I’m ok … just give me some time. Love you.

 

I set my cell on my nightstand.

Had my dad really just forbidden me to see Jake? I couldn’t wrap my head around that one. And why did I care? He’d just called me a whore and a slut! What the hell was happening?


OLIVIA!” my dad shouted.


LIVIE, JUST STAY UPSTAIRS!” Nate yelled right after.

A terrible crash followed, and my heart started pounding in my chest. Surging with a sudden burst of adrenaline, I scrambled out of my bedroom, a sense of panic overwhelming me. “NATE!”

I bolted downstairs and saw my dad holding a Louisville Slugger over Nate, who was down on the floor. The lamp was smashed beside him and the table had been overturned.


WHAT ARE YOU DOING?!” I screamed at my dad.


Impudent pup wants a fight, I’ll give him one,” my dad threatened.


Dad, nobody wants to fight with you! That’s Nate! What the hell has gotten into you?” I stooped beside Nate, putting myself between him and the baseball bat.


You’re not leaving me, Olivia.” He steadied the bat as if he were thinking of hitting me too.
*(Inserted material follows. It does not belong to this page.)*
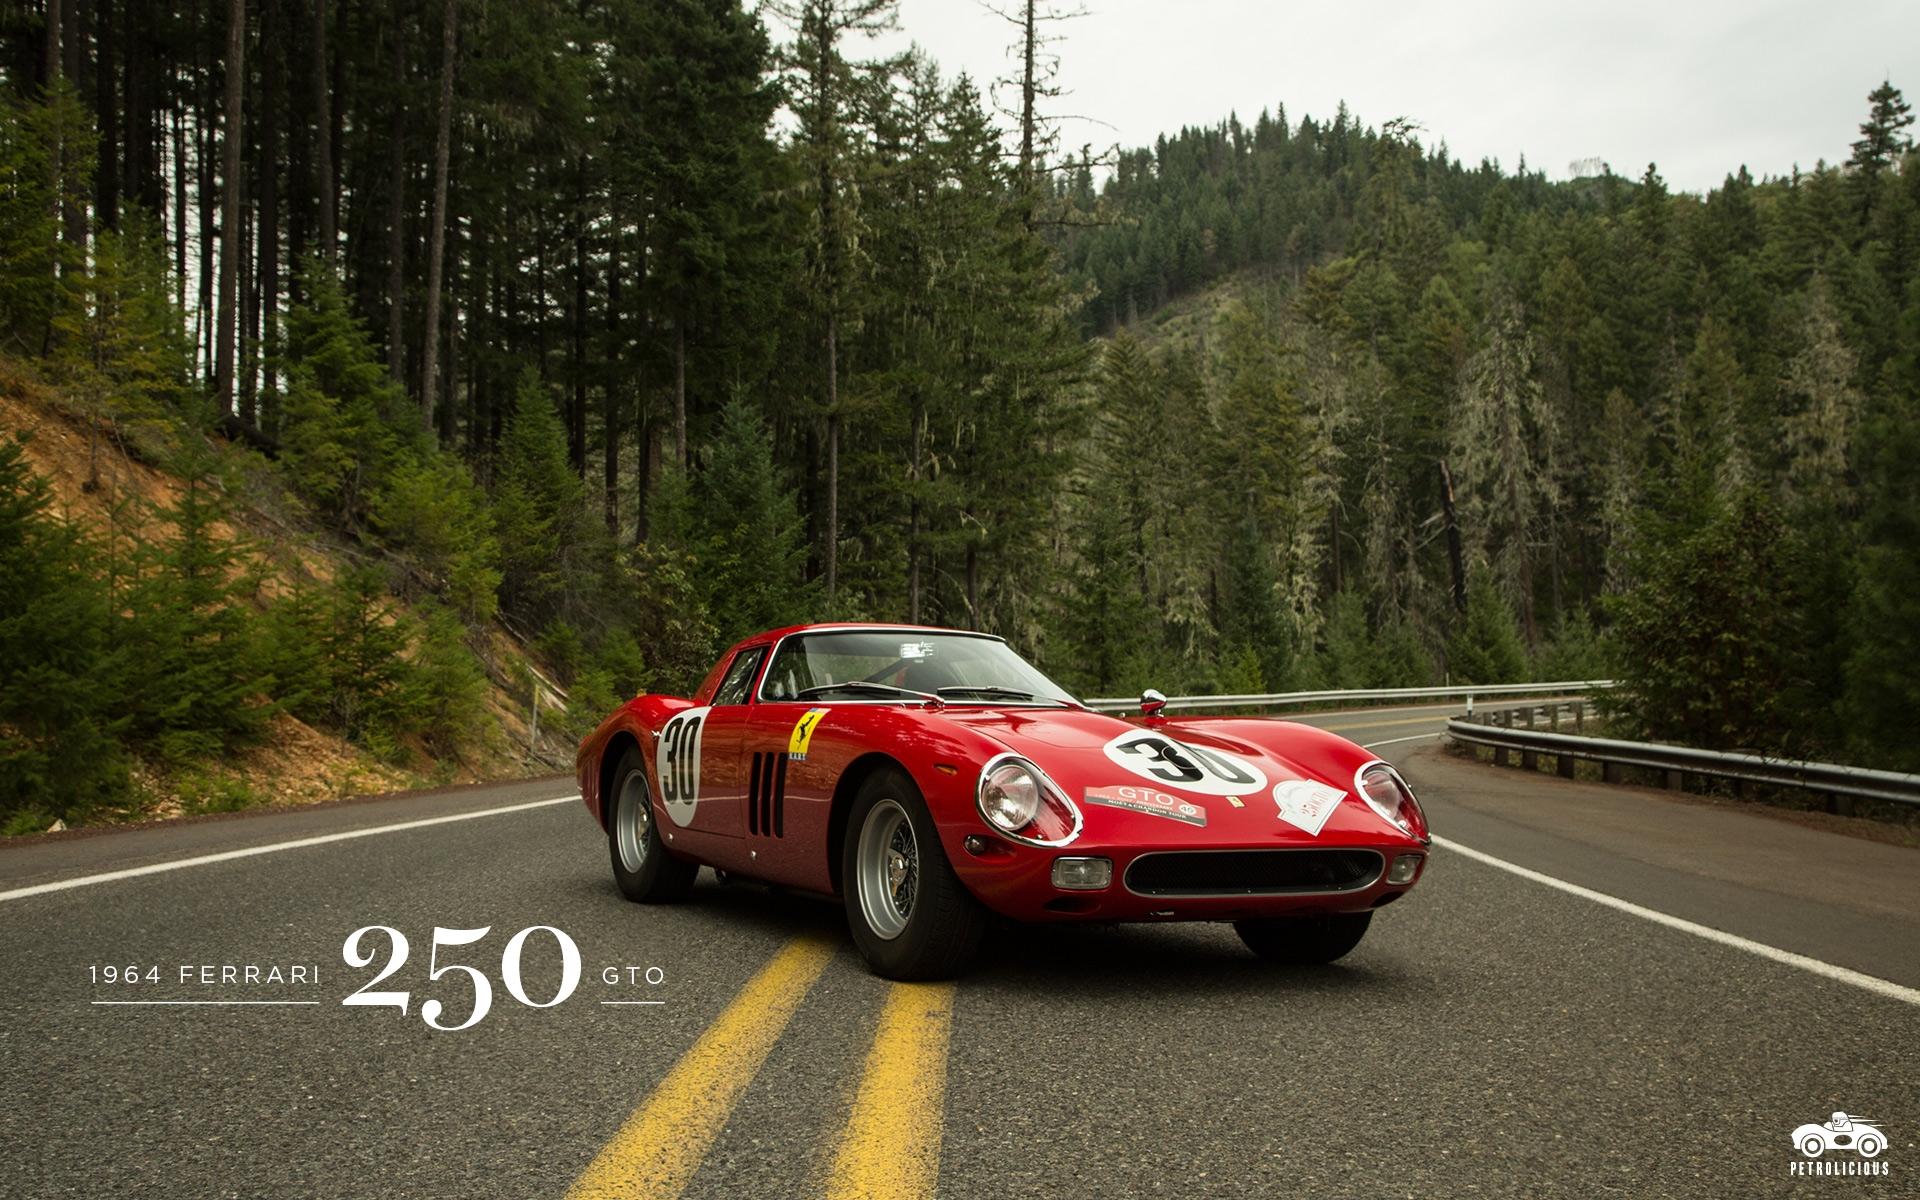 ferrari 250 GTO Wallpaper 7   1920 X 1200 stmednet 1920x1200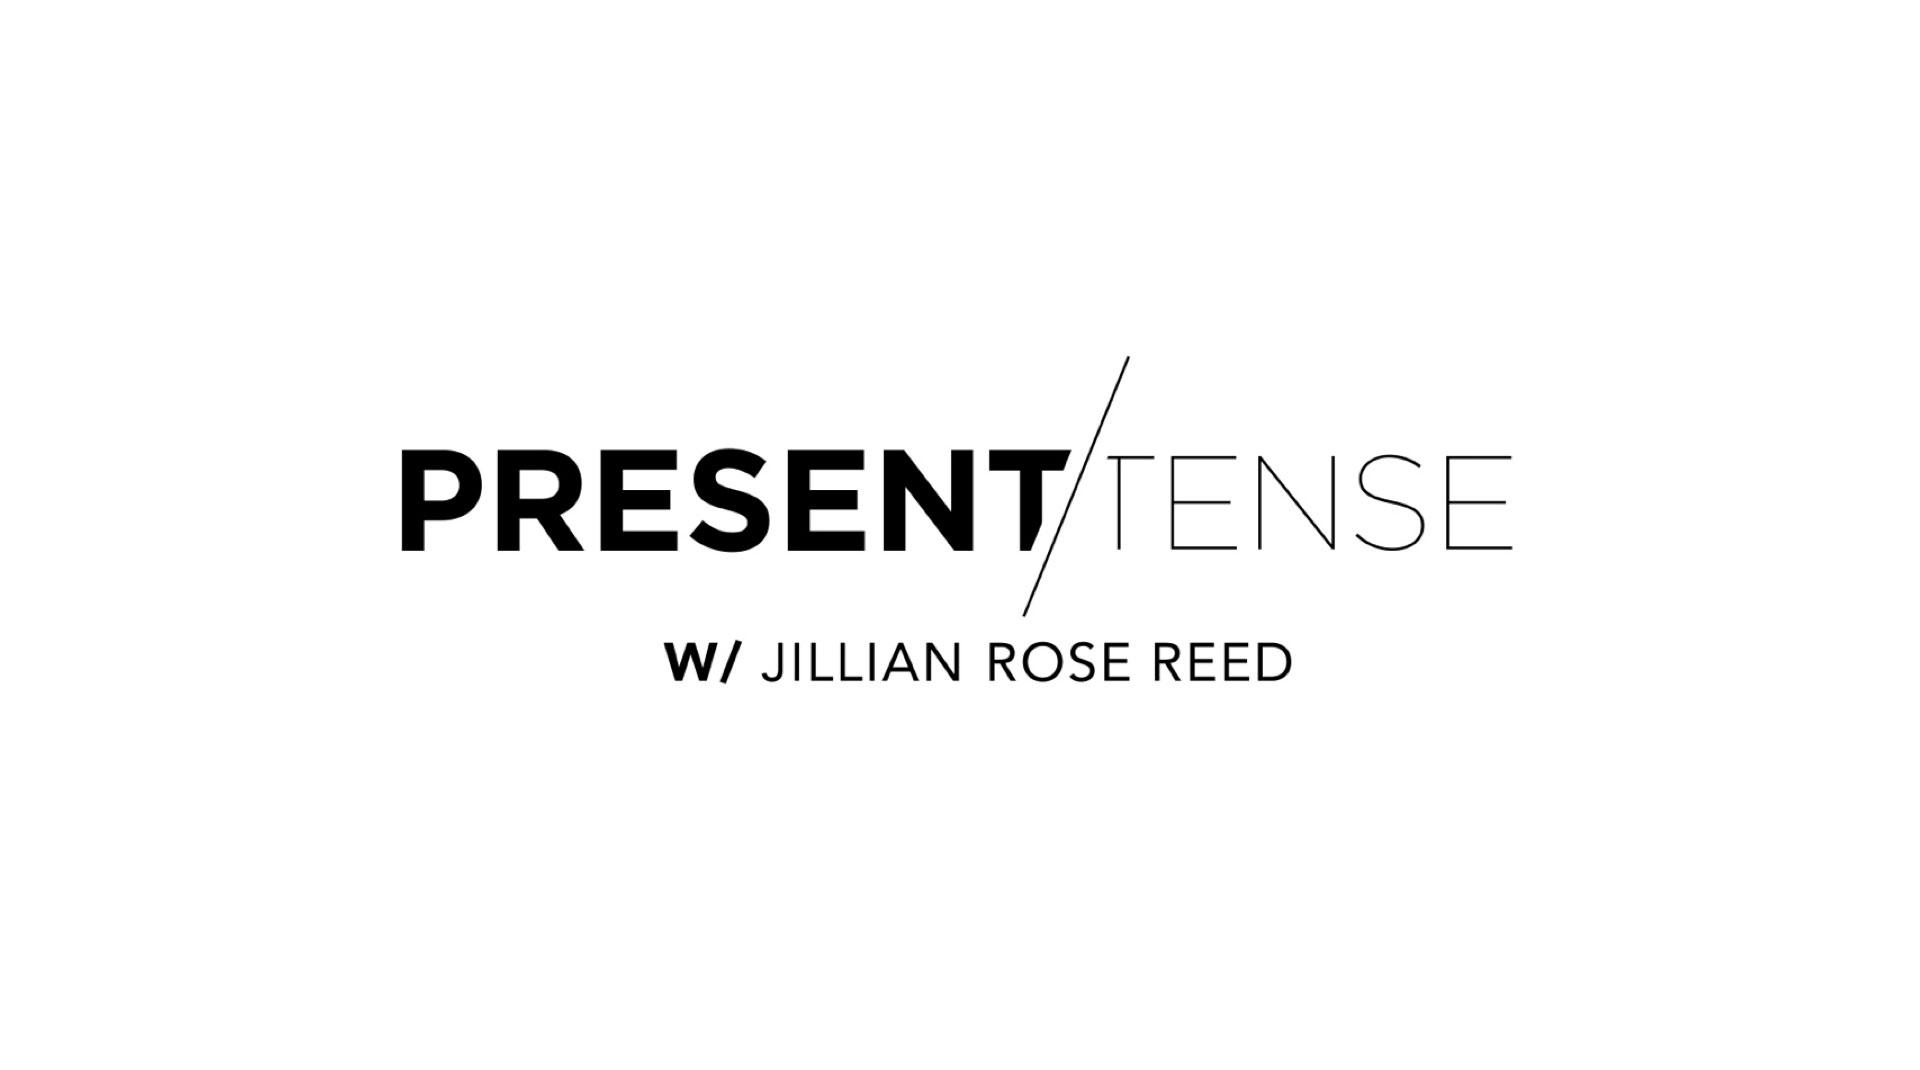 Present Tense with Jillian Rose Reed

I liked it better when you were ignoring us,” I muttered.


WHAT?” He scowled. “If you have something to say, spit it out! Unless you’re a pussy like your fuck partner.”

The understanding of what Nate had been saying in the truck on the way back hit me like a cinder block. I had been the most well behaved little girl and teenager in history. I thought I was being myself. And I was, but I didn’t realize the puppet master that was my absent-couldn’t-have-cared-less father was really pulling the strings. At least the ones in his mind. I was home at curfew, never drank or smoked and never had boyfriends. Nate played sports, got good grades and had worked with Caleb since he was a teenager. Dad had us all under control, and he liked that. Now he’d lost all of it at once.


Nothing you think you feel gives you the right or the authority to treat Nate or Jake or me like you are right now!” I got into my dad’s face. I was too angry to even be afraid of the bat anymore. Nate was back on his feet, looking like he was ready to jump in between us at any moment. “You were a lousy dad. You were never home, and when you did come around you were usually nothing but nasty. I always dreamed of having your acceptance, of having you love me. I used to think maybe if I cooked good enough, you’d come home for dinner … or if I did all the laundry and folded your clothes you’d see how much I missed you!”


You better stand down little girl,” he crowed.


No! No way! This has been a long time coming. When we were younger you raised your belt against Nate. I’d pound my fists into the door, crying and pleading with you to stop, but you wouldn’t. I hated you for it. But then he got bigger than you so your tactics changed. You never gave us love. You were too busy manipulating and controlling us. And I know why you hated us—because we look just like Mom!”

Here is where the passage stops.